Assignment: Nothing outside the range is to be copied. From the entries below, reproduce exactly the lines starting at the one with "Baby Cheramy Honey" and ending at the one with "Denon DP-6000, DP-6700 Service Manual", without pictures.

Available data:
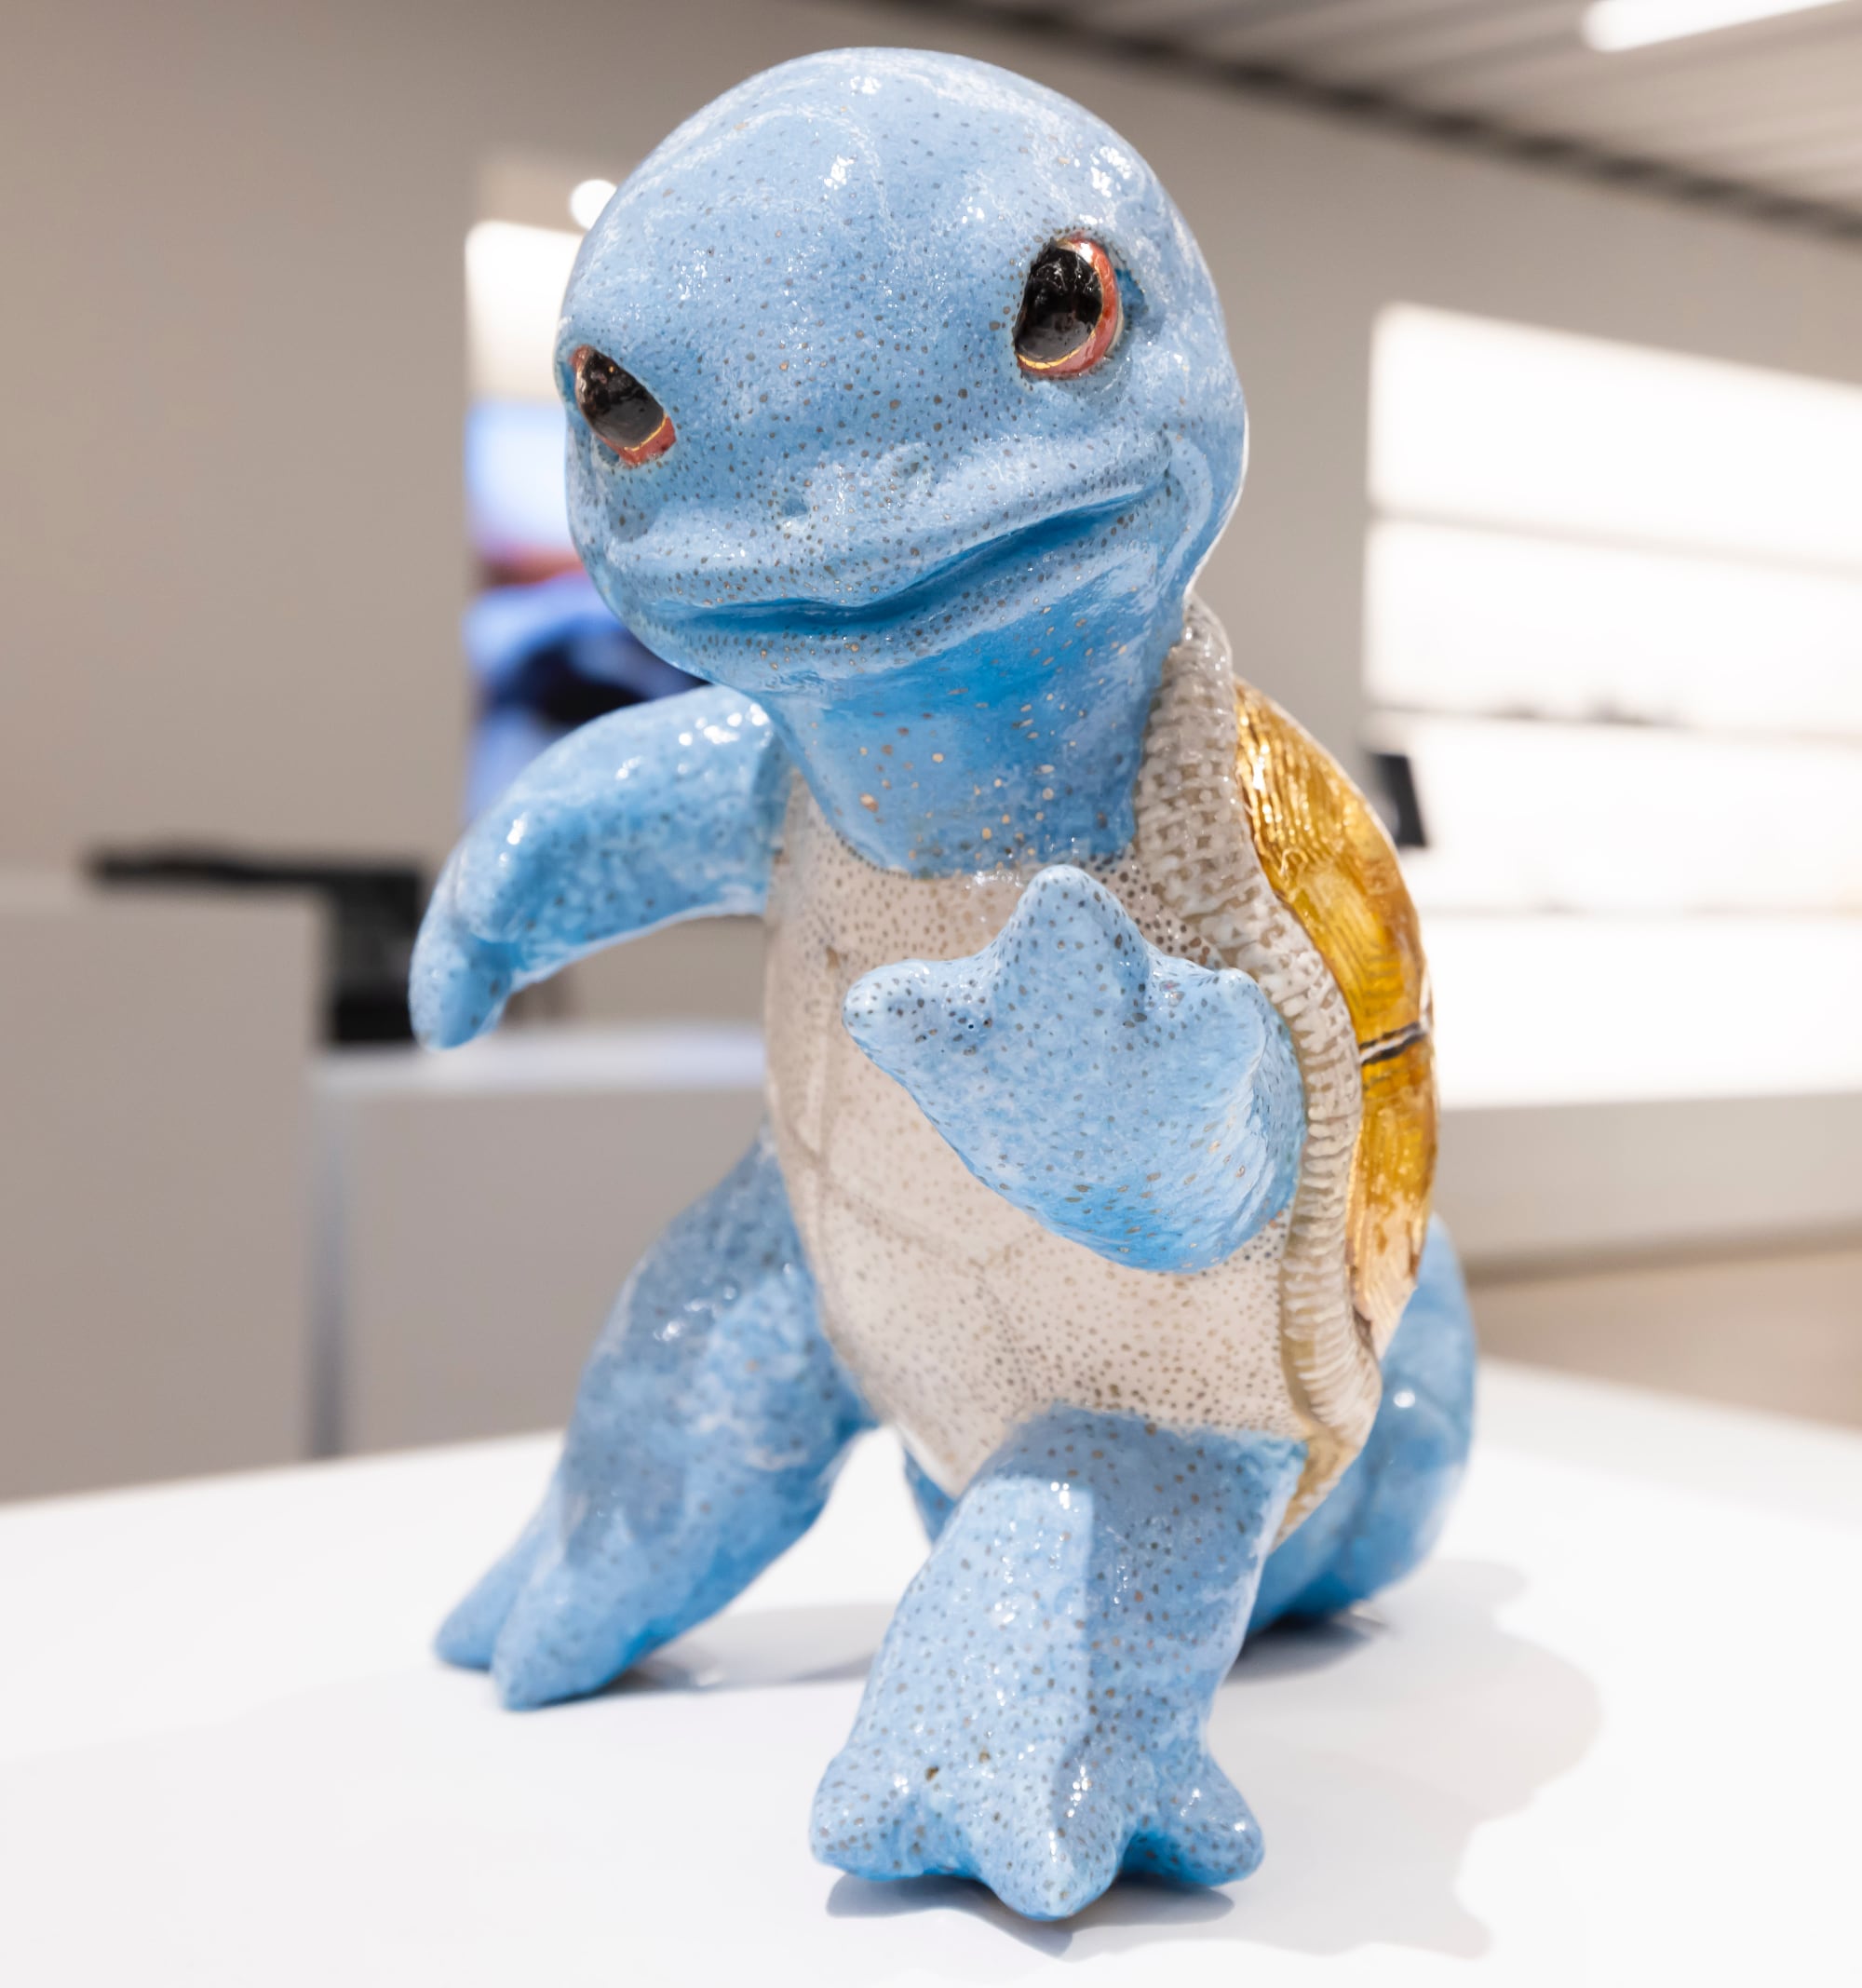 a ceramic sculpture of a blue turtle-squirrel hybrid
==
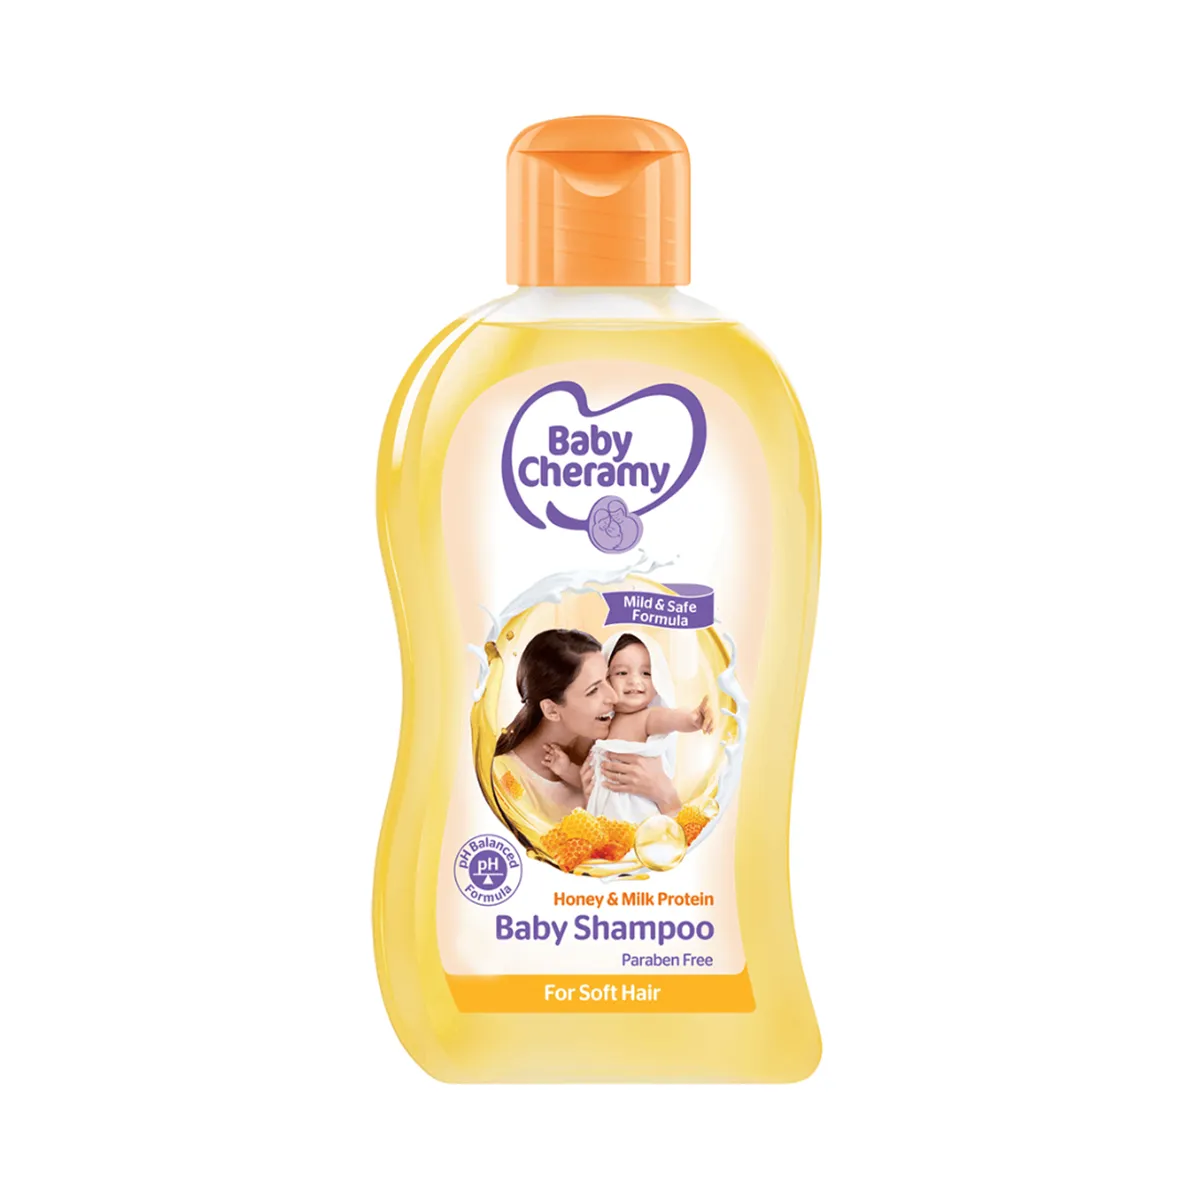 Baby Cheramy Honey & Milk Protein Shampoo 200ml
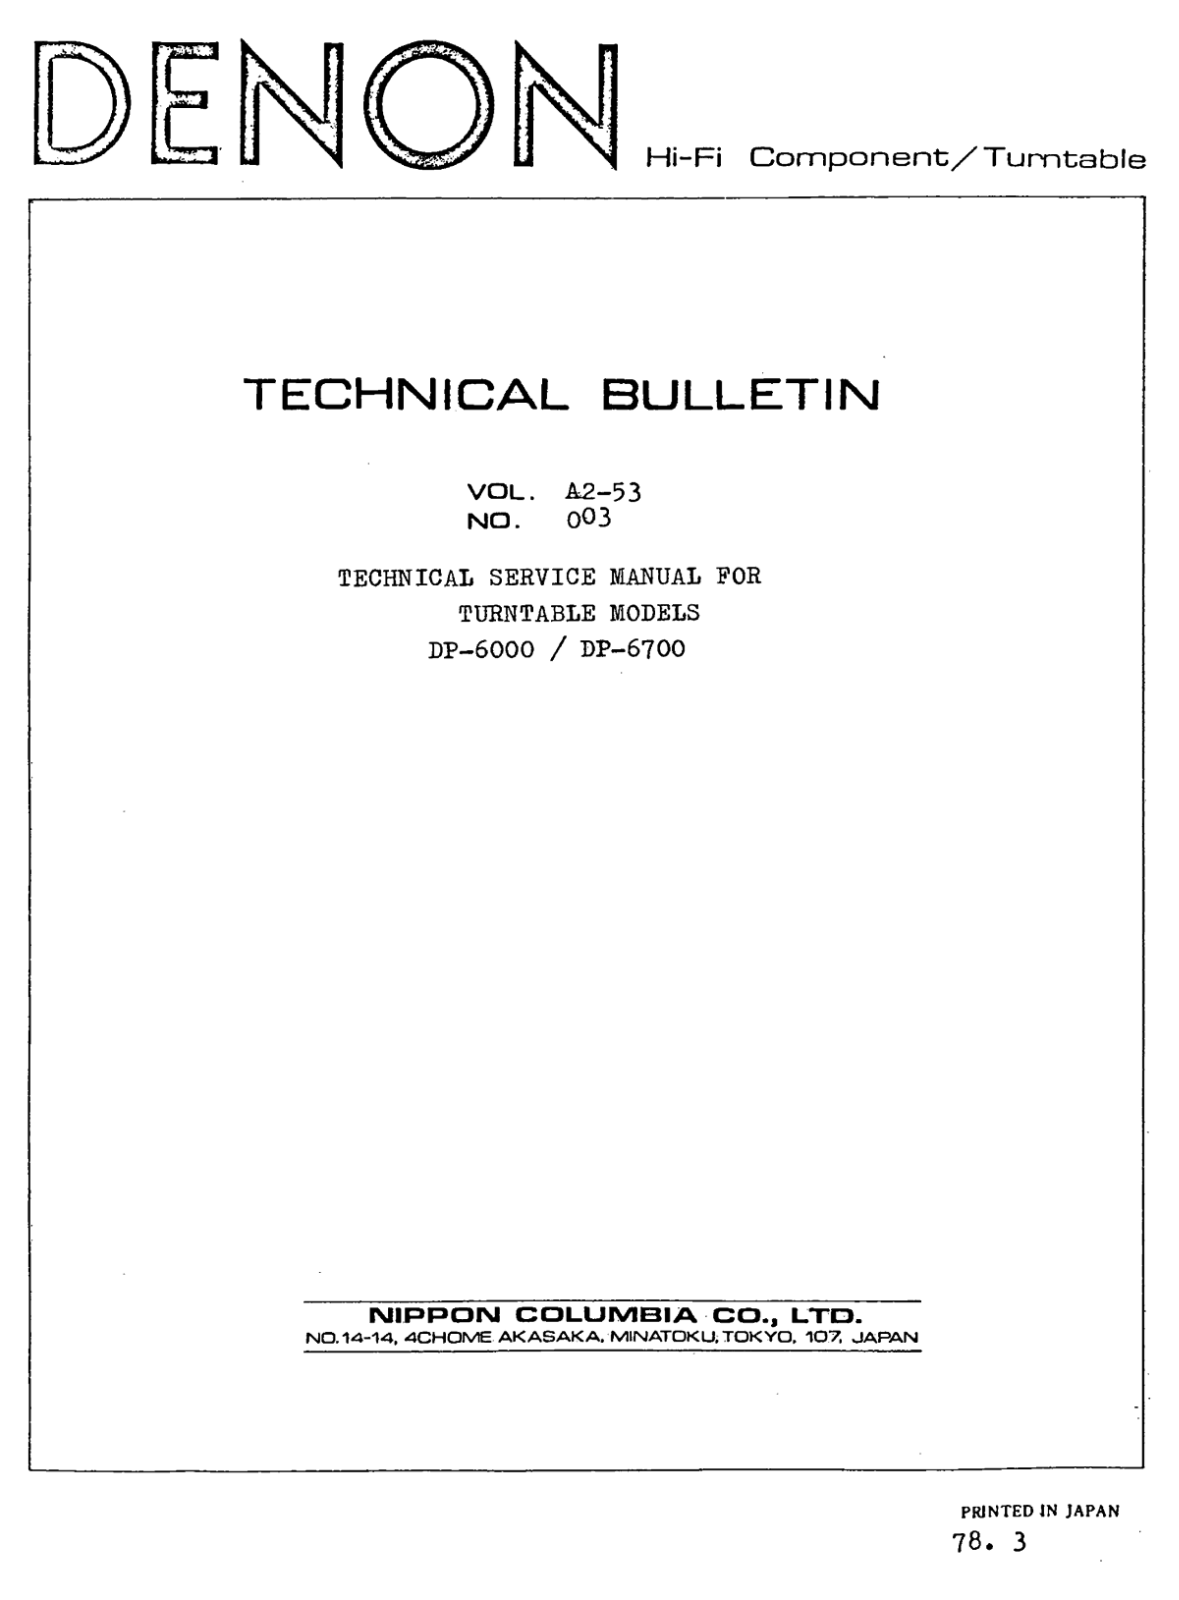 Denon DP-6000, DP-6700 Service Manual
--
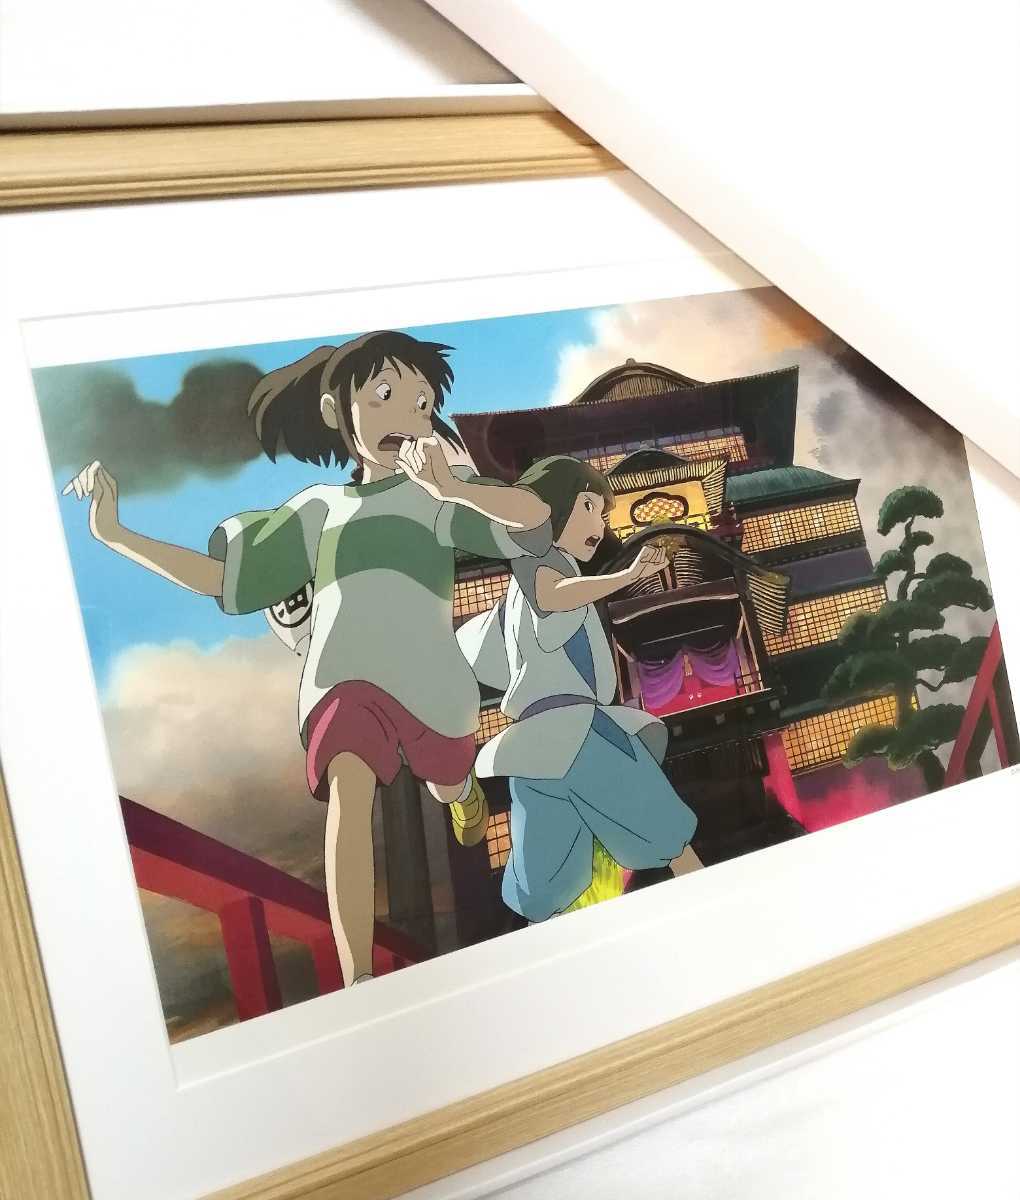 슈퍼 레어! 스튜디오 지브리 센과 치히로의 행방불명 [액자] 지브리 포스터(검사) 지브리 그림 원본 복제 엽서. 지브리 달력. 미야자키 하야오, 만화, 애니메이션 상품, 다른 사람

Problem solution:
 Baby Cheramy Honey & Milk Protein Shampoo 200ml
 Denon DP-6000, DP-6700 Service Manual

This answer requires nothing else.